Soups, salads and sandwiches offer options if you’re not in the mood for a full dinner. Specialties of the house include the Cubano, a sandwich of grilled ham and shredded pork with grain mustard and pickles, and the house-smoked pulled pork sandwich with Island Merchant’s own barbeque sauce.

And what goes better with than island fare than a freshly muddled mojito? Nothing – and they’ve got them. They also have two-dollar burgers, available all night long on Mondays, and from 10:00 to 1:00 every other night.

Finding year-round dining in the sleepy town of Brewster has often been a challenge in the past, but with the opening of two – count ‘em, two – new restaurants, that has changed. If you’re coming from Captains or Cape Cod National, check out Ardeo Tuscan Tavern or Agro Dolce.

Kathy Morelli has partnered with members of the Jamiel family in the latest addition to the Ardeo family of restaurants.
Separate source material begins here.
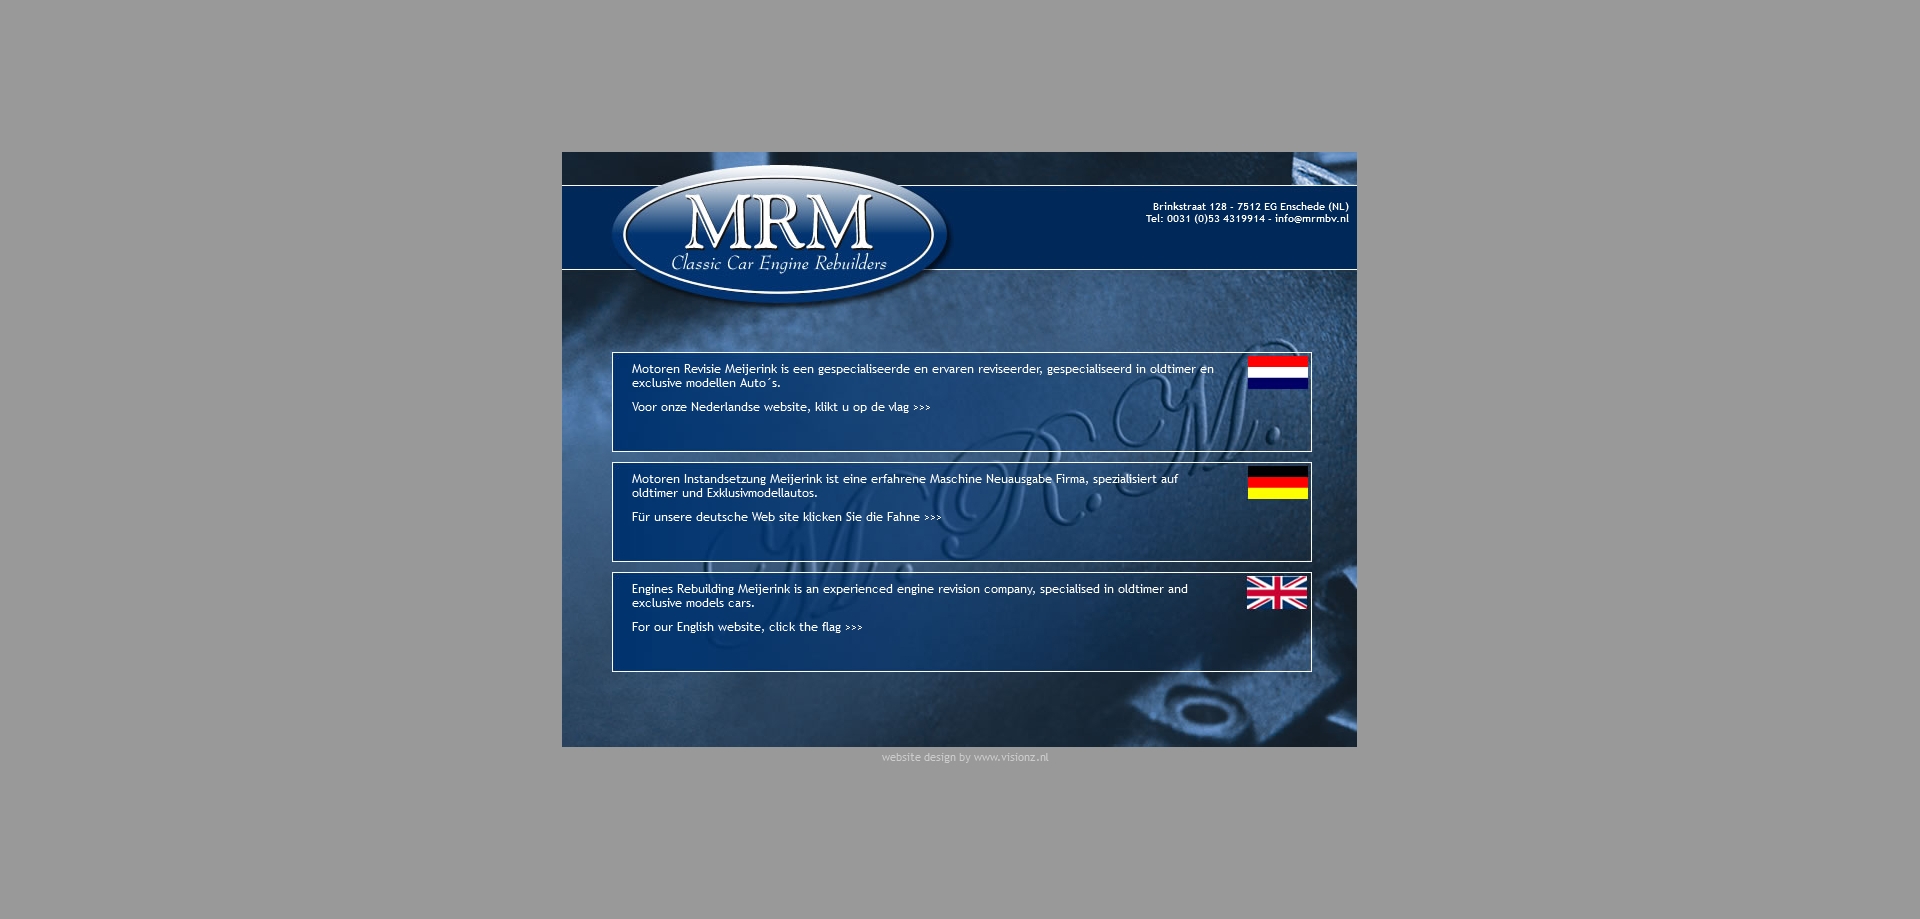 MRM Motoren Revisie Meijerink

This new location in Brewster is number four, and the menu is much the same as the others, “just downsized a bit”, according to Morelli.

From that allegedly “downsized” menu, you may select from a list of Mediterranean appetizers like spanikopita and stuffed grape leaves, wood stone pizza with a slew of off beat toppings, and a lengthy roster of dinner entrées.

A lounge area with deep burgundy walls and lots of gleaming dark wood takes up about half of the space, and the remainder is a dining room done in a striking combination of more of that burgundy and rich gold.

Morelli describes Ardeo as a “warm, inviting place with a comfortable atmosphere for either a burger and beer or a steak and a bottle of wine.”

Owner and Executive Chef Robert Signoriello worked his way through a host of honors and accolades before opening Agro Dolce, and his massive, authentic Italian menu reflects his years of training.

The antipasti list includes mussels puttanesca, lobster risotto cakes, and calamari with spicy cherry peppers. There are dozens of entrée selections, from traditional pasta dishes such as the penne with sausage, broccoli rabe and ricotta, to linguini with clams and mussels in a spicy tomato sauce.

Lighter meals are available too – wood grilled pizzas, several paninis, and an array of salads.

For many, the golfing on Cape Cod only gets better in the autumn months. And this fall, happily, the selection of year-round restaurants is better too.